→ GIVEN INFORMATION:

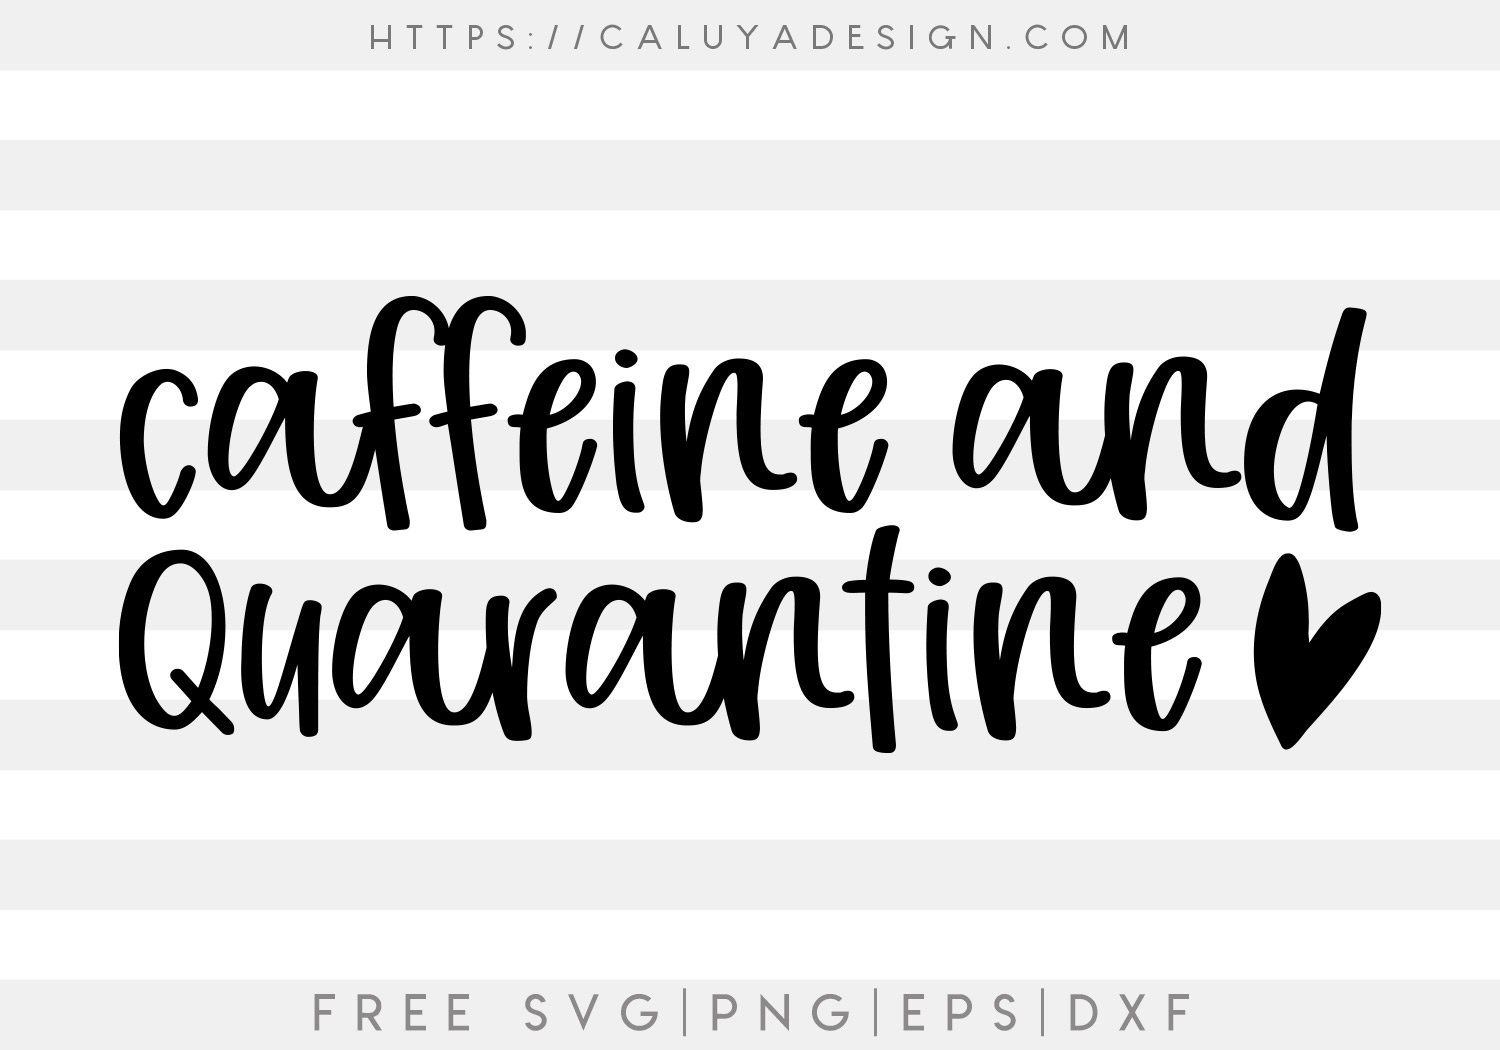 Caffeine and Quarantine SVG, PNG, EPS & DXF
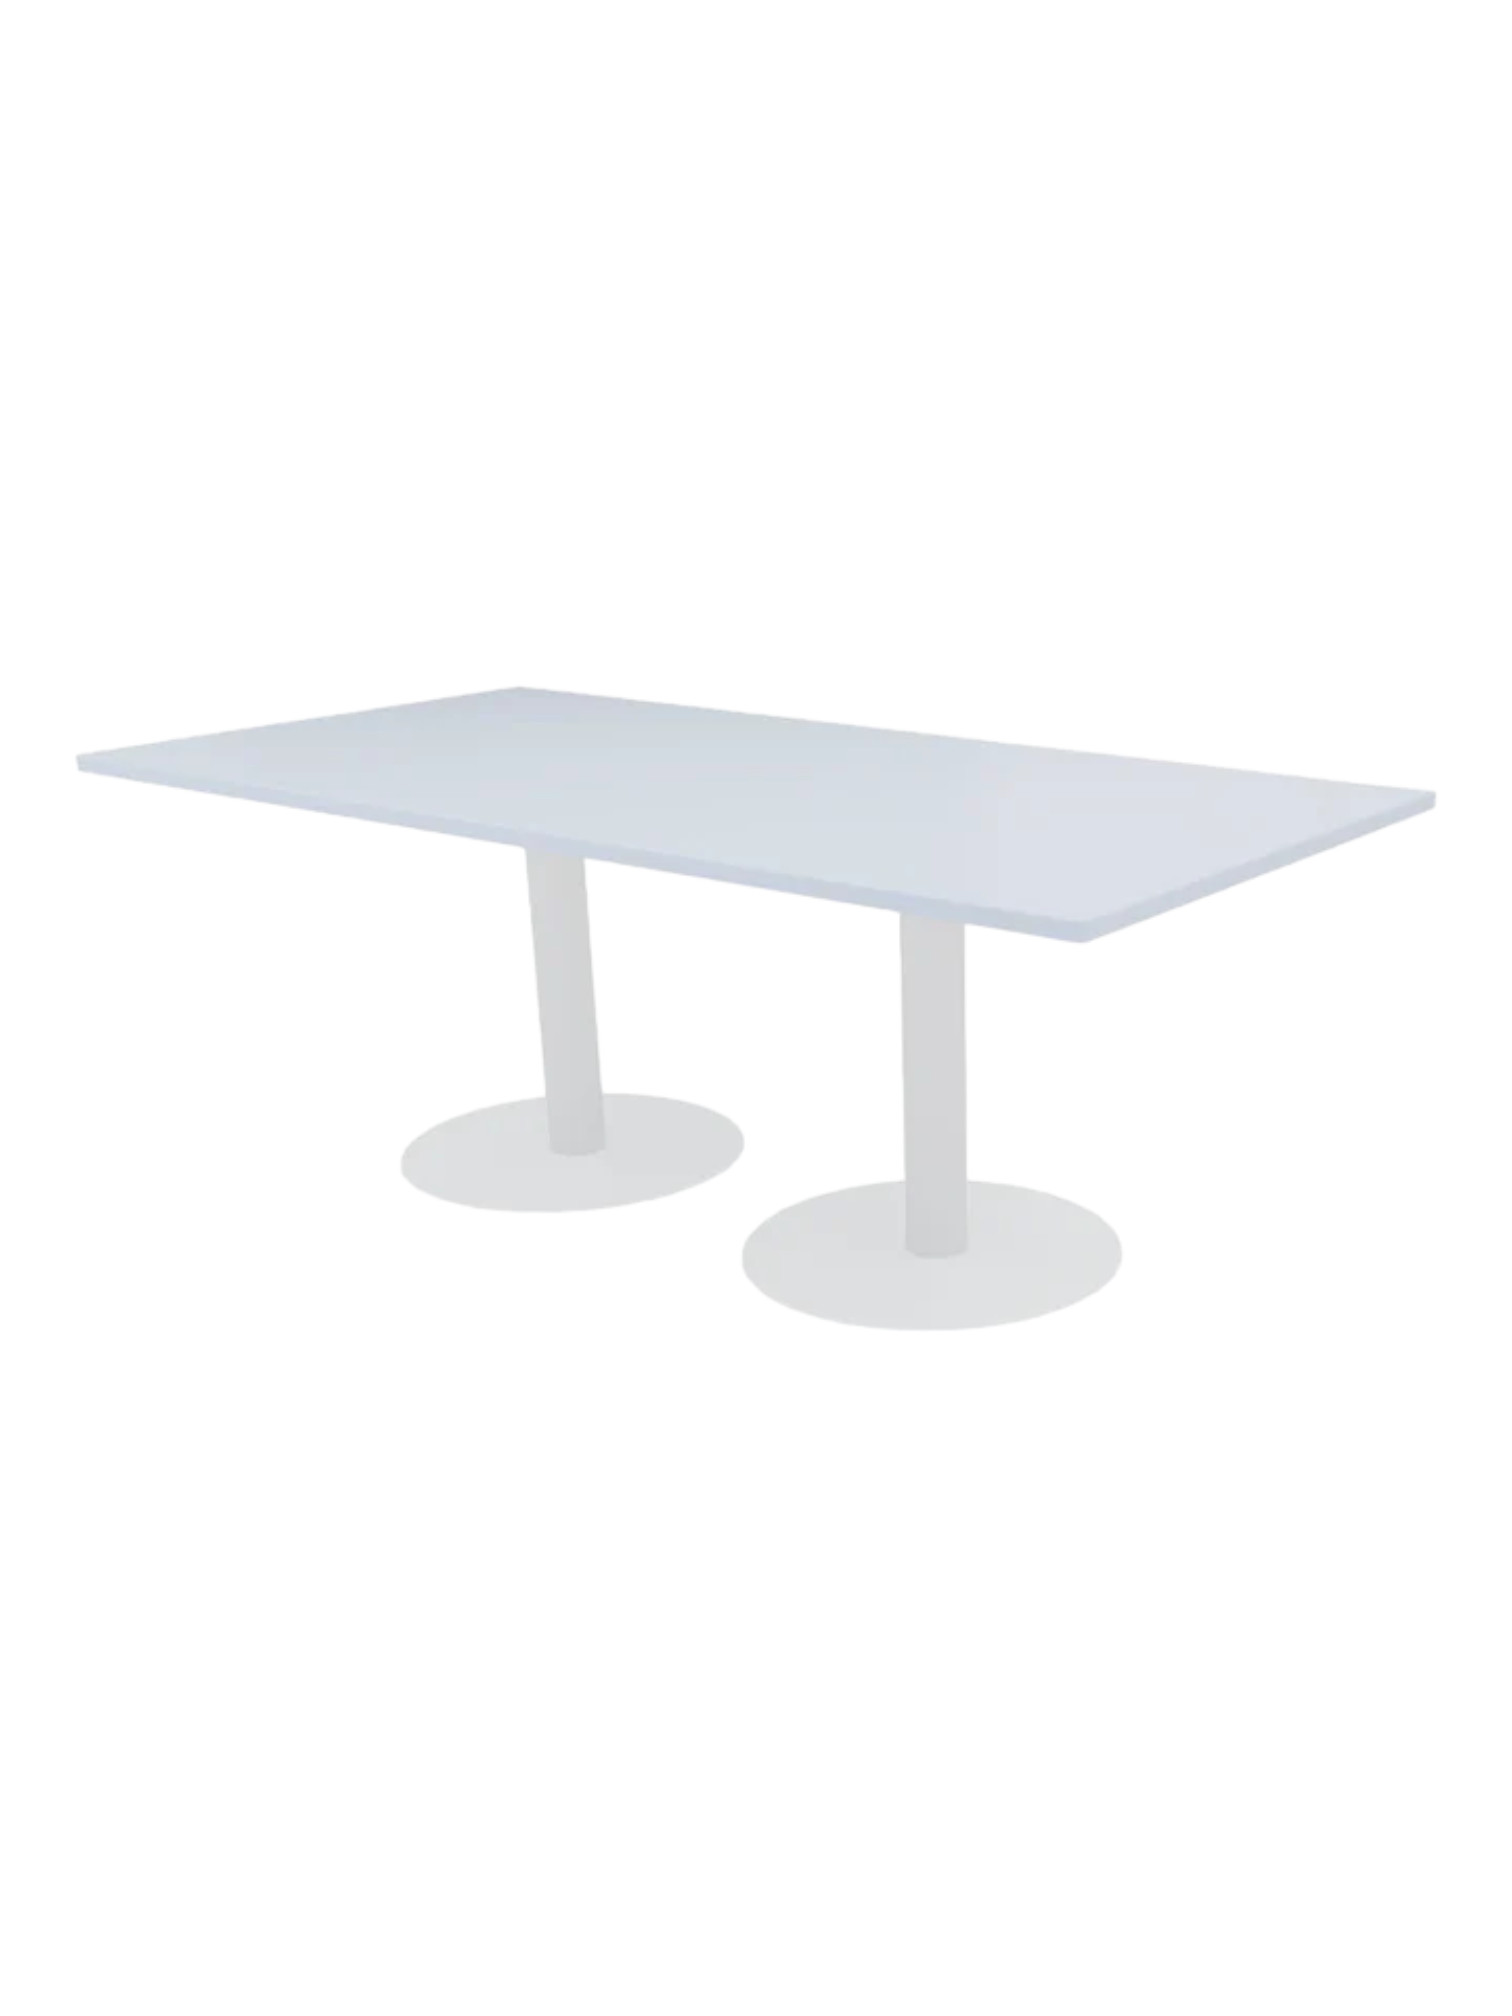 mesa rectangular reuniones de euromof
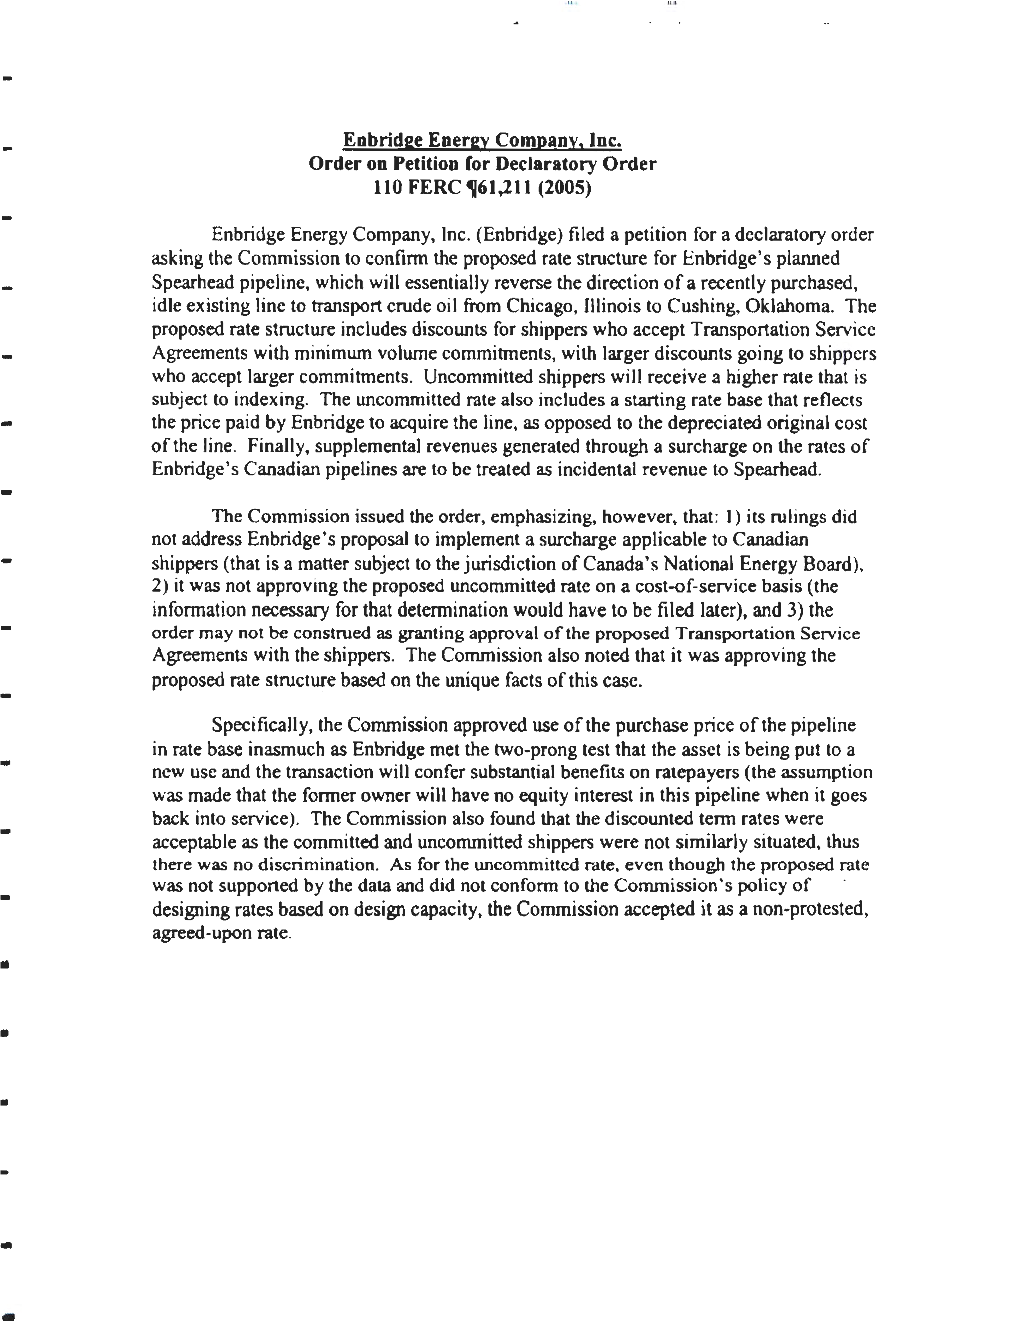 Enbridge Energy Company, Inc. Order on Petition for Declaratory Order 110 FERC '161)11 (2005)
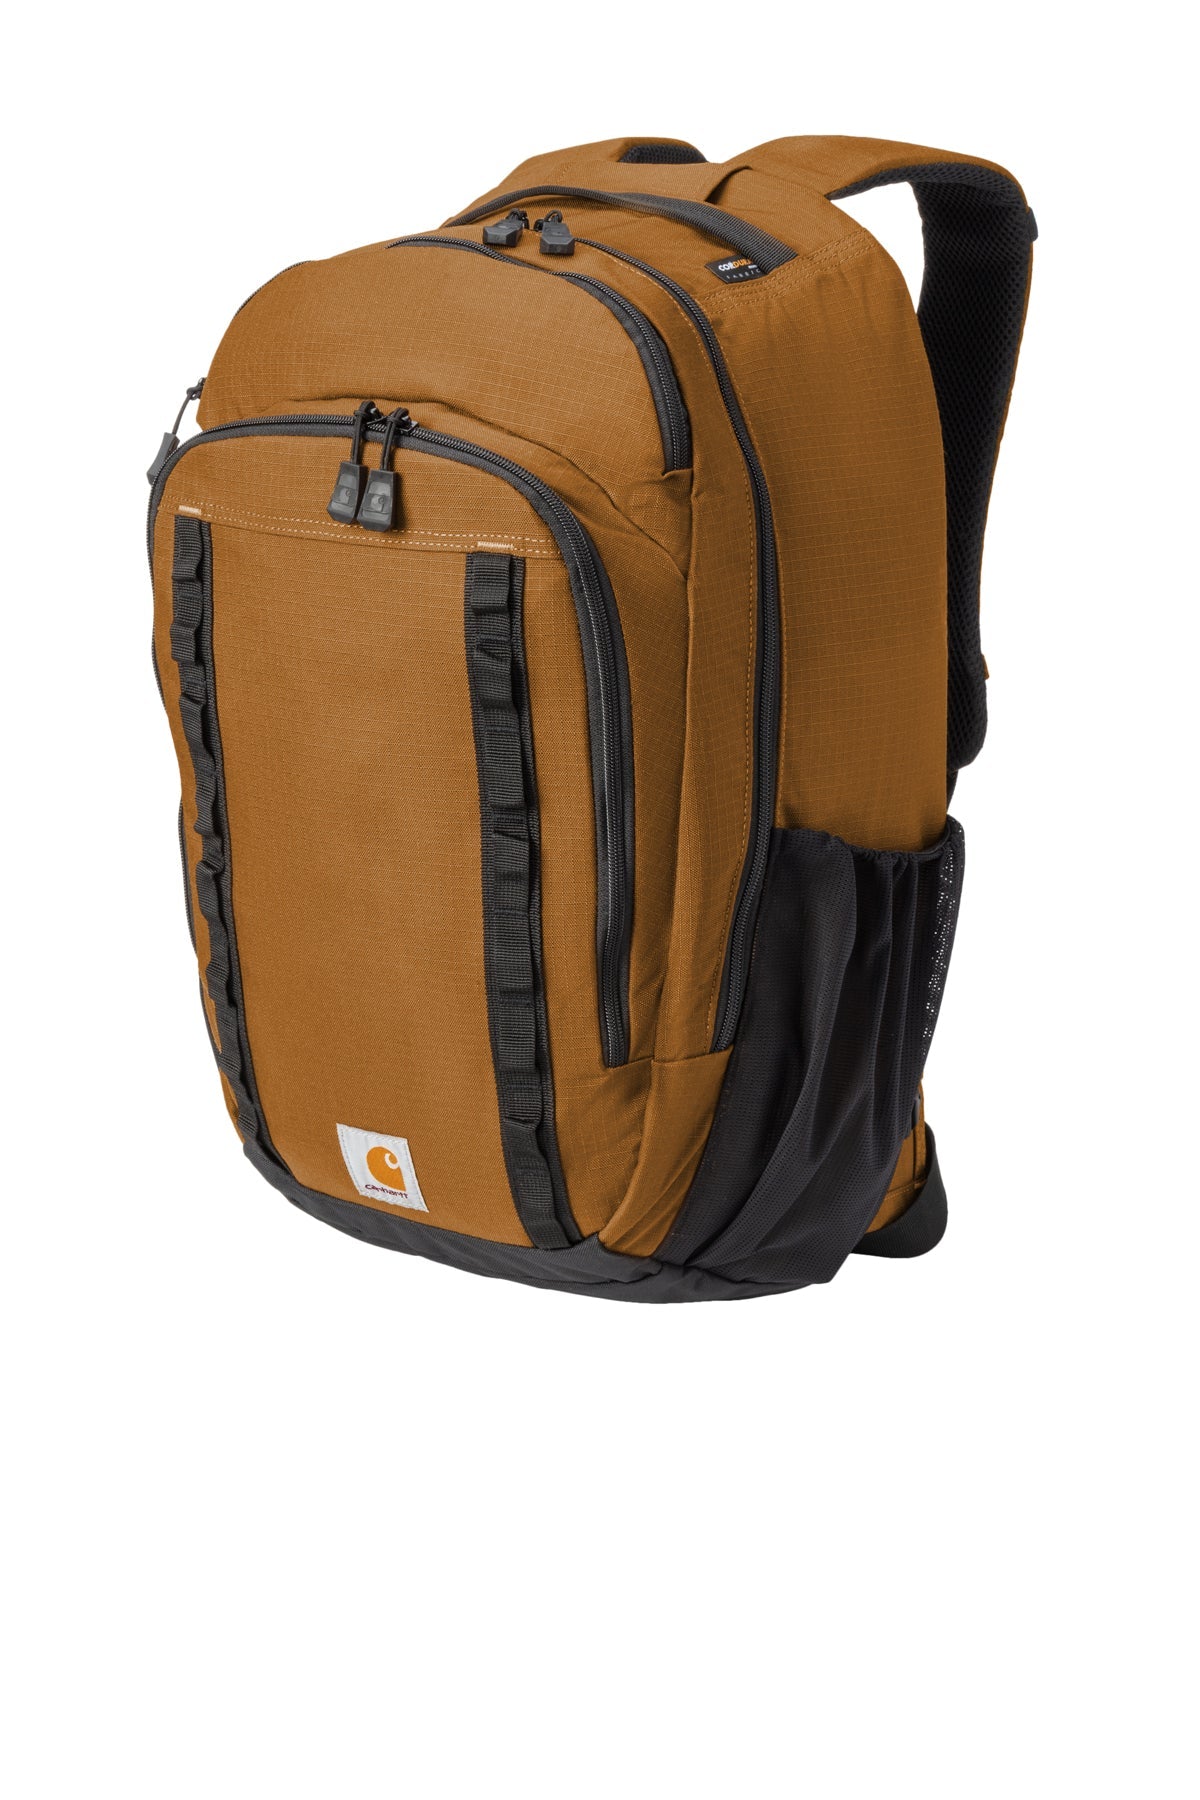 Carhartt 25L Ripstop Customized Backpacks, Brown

→ EXERCISE PROMPT:
Please retype the data exactly. The pictures do not go in.

→ TASK RESPONSE:
 Caffeine and Quarantine SVG, PNG, EPS & DXF
 mesa rectangular reuniones de euromof
 Enbridge Energy Company, Inc. Order on Petition for Declaratory Order 110 FERC '161)11 (2005)
 Carhartt 25L Ripstop Customized Backpacks, Brown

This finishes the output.